L’eau n’est plus potable. C’est une multinationale qui assume son retour à la pureté (ce qu’elle dit…). Traduisez: ce qui était présent naturellement dans les nappes nécessite aujourd’hui un traitement infiniment complexe pour retrouver sa valeur fondamentale nécessaire aux êtres dotés d’ADN, c’est à dire nous, le mille-patte, le bonsaï-ficus ou le rhinocéros laineux. Cette oligopole est le théâtre de l’intrigue où les postes de pouvoir sont convoités comme les lions convoitent une antilope à terre, où les performances sont contrôlées en temps réel, et les pauses déjeuner minutées à la manière de la cuisson de l’œuf coque. Dans la zone, inutile d’imaginer que l’eau potable n’est qu’une denrée rare dont le manque est comblé par la vente au marché noir d’une drogue magique qui permet de neutraliser la soif.

Mais surprise. Suite à la libération d’un haut fonctionnaire, la première ministre (car attention on féminise les titres, summum de l’anticipation) annonce qu’elles va créer 10000 emplois pour que les zonards puissent se payer eux aussi les faveurs de la ville. Mais la sélection va être rude et l’ensemble des candidats à ces postes de «solidaires» devra se frotter aux tortues ninja qui pilotent l’opération comme s’ils avaient une armée de chien enragés à contrôler. Cela nous paraît d’une outrance sans nom mais n’est-ce pas plus tard que la semaine passée que j’ai vu cette vidéo d’une militante de 74 ans se faisant plaquée au sol par 4 CRS pour avoir déplacé une barrière? J’ai rêvé, n’est-ce pas? Sous couvert de l’ordre publique, ces individus seraient capables de retourner les coudes et les poignées d’une personne (notre amie? notre mère? notre grand-mère?) déjà jugulée par la main poilue d’un super-policier. Non, allons donc j’exagère toujours!
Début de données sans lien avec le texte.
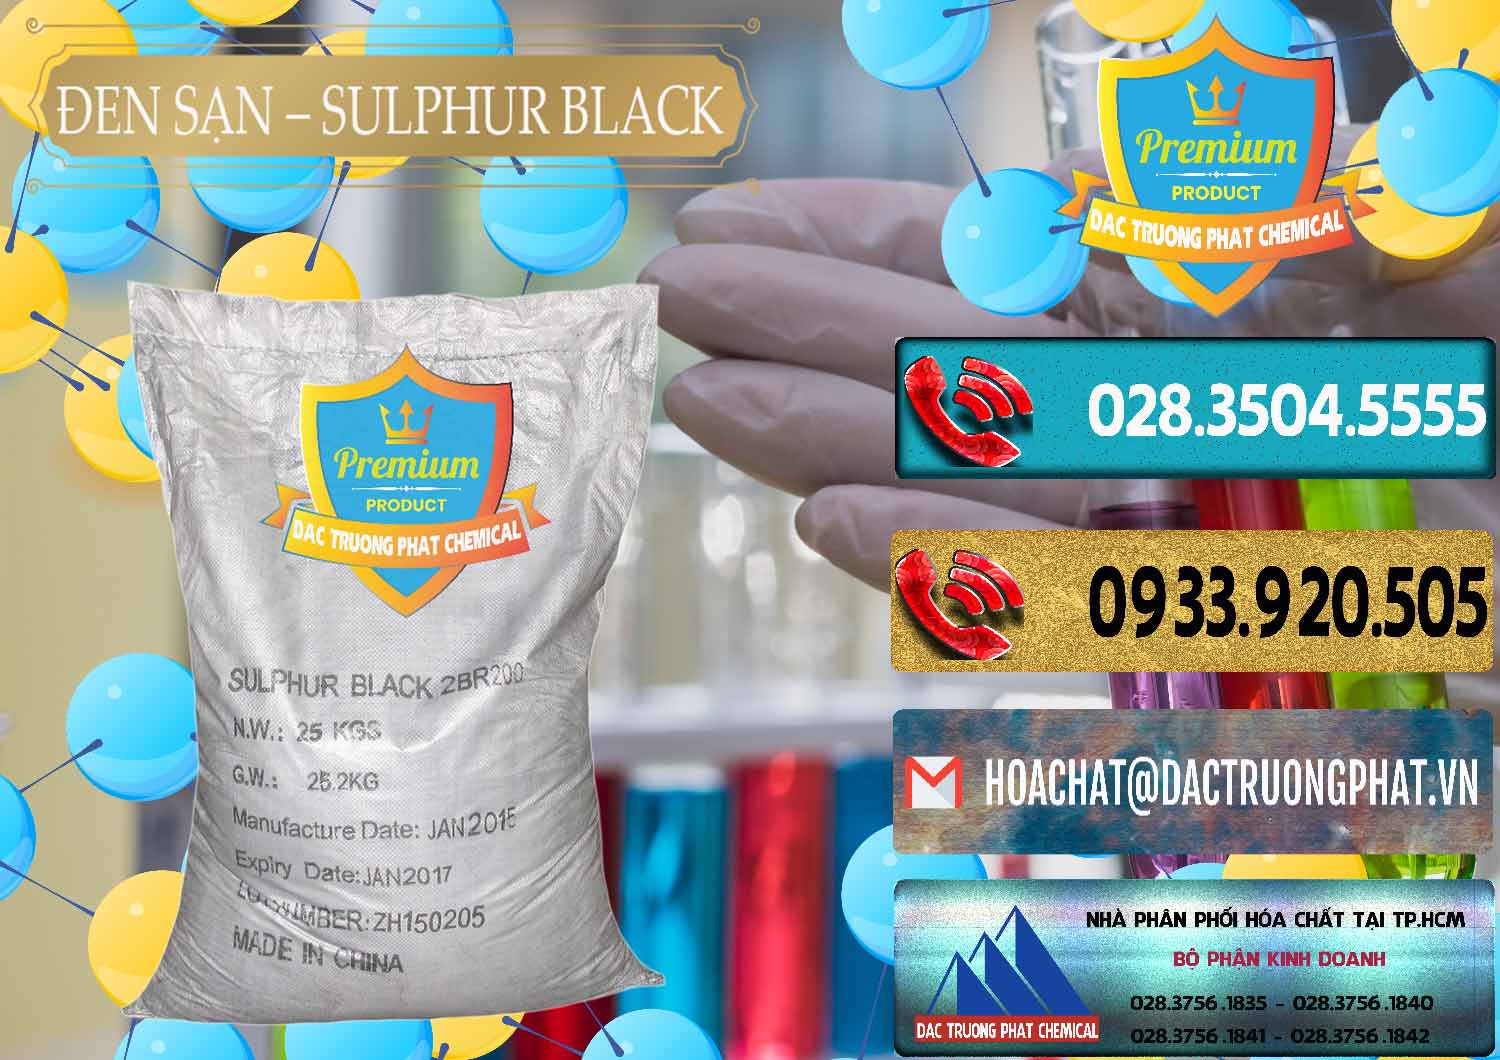 Đơn vị chuyên cung cấp - bán Đen Sạn – Sulphur Black Trung Quốc China - 0062 - Đơn vị bán _ phân phối hóa chất tại TP.HCM - hoachatdetnhuom.com

Dans la zone, la résistance s’organise en cachette des autres zonards. On les nomme activistes. Ils sont pas forcément bien vus par leurs confrères et consœurs zonard-e-s puisque ces derniers rêvent parfois de rejoindre les rangs de la ville, de pouvoir s’offrir des costumes sur mesure et des parfums de luxe. Les activistes ont piraté les réseaux, séquestré des dirigeants, placé des espions et organisé une société parallèle. A ce stade de la série, un chapelé de mot atterrissent sur la bouche de mon voisin qui regarde comme moi en replay et à ses heures perdue la série: OTRO MUNDO ES POSSIBLE. Pour ma part, j’écarquille les yeux devant l’évidence: TREPALIUM n’est rien d’autre que l’éviscération de notre société moderne, le spectacle d’une chirurgie délicate et didactique destiné à nous montrer son fonctionnement de l’intérieur. Et j’ai beau me creuser la cervelle, mobiliser toute la bonne volonté qui m’habite, ladite anticipation de cette série ne dépasse pas le stade du fantasme.